Говорить Коста по-прежнему не мог. Не мог дернуться, шевельнутся, не мог вообще ничего. Он смотрел и понимал, что ошибся — рассчитал неверно, нужно было действовать сразу, как они скрылись из вида менталиста.
Сразу. Не раздумывая.
Но он медлил, примеривался, ждал подходящего момента, потому что не чувствовал опасности, но сейчас…
Нейер закончил первую часть, камень нагревался. Из предначинательных плавно перешел к подготовительным, и потом к привычной основной части…
Прими в род или прими подношение…
Реши жить или умереть…
Реши, спасать или помнить…
Реши, хранить или тратить…
Реши, станет полнее река или обмелеет…
Отдавая решение на откуп силе, как и всегда.
Слова лились, сила пела, алтарь горел так, что воздух над ним почти плавился от жара.
Коста горел — ладони, которые он не мог оторвать от камня, пылали, пот катился по вискам.
Сколько он не пытался оторвать руки — не выходило, как и открыт рот и заорать — тоже… когда белый туман медленно начал ползти по его пальцам вверх.
Медленно. Очень медленно. Облизывая и поглощая палец за пальцем.
А потом проклятый псаками господин-в-кресле поднес к себе кинжал и надрезал ладонь, начертав какой-то символ. Алая жирная кровь хлынула потоком и обагрила плиту, и камень зашипел, жадно впитывая подношение.
Как будто песок, а не камень…
Сила ярилась вокруг.

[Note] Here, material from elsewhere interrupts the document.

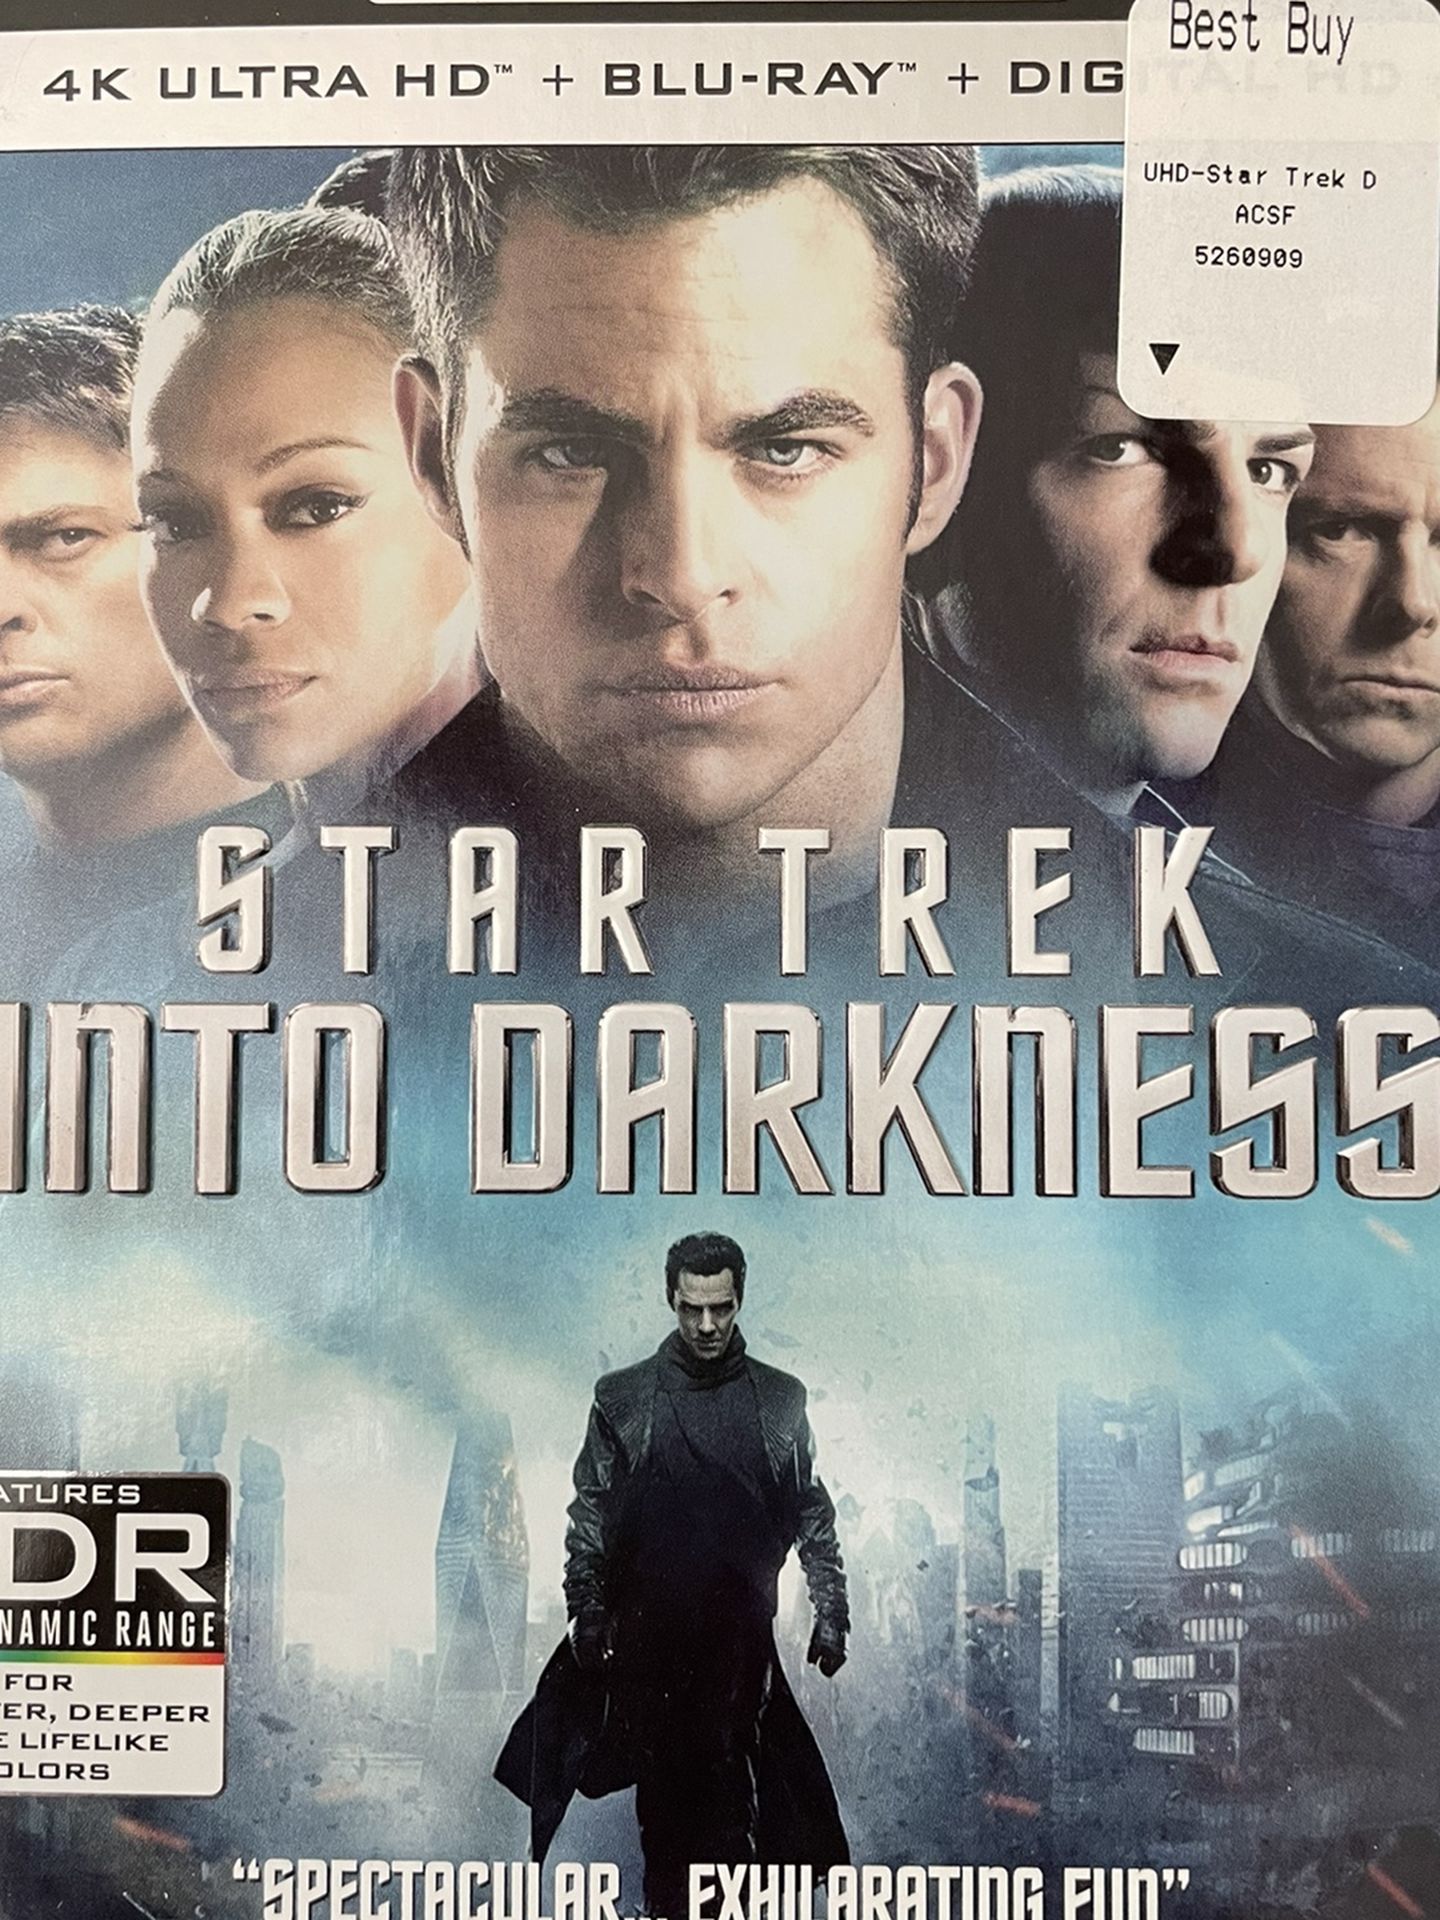 Star Trek Into Darkness - 4K Ultra HD + Blu-ray + Digital (2013)

Белый туман воронками кружился по залу и поднимался к куполу. Господин-в-кресле речитативом продолжал читать слова с закрытыми глазами все быстрее и быстрее, ускоряясь с каждой фразой… а потом внезапно просто рухнул в кресло назад.
И кресло — протяжно заскрипело.
И вот тогда Коста — заорал. Потому что колеса начали вращаться. Медленно, мерно, неотвратимо.
Коста орал — орал мысленно протяжно на одной ноте от совершенного ужаса, орал неотрывно все время, пока колеса скрипели.
Кресло неторопливо приближалось к нему, объезжая алтарь.
«Руку» — сформулировал Нейер мысленный образ, отдавая приказ, и мальчик протянул свою.
Он сделал надрез, начертав символ — приношение. И вздохнул, собираясь с силами, оттягивая момент.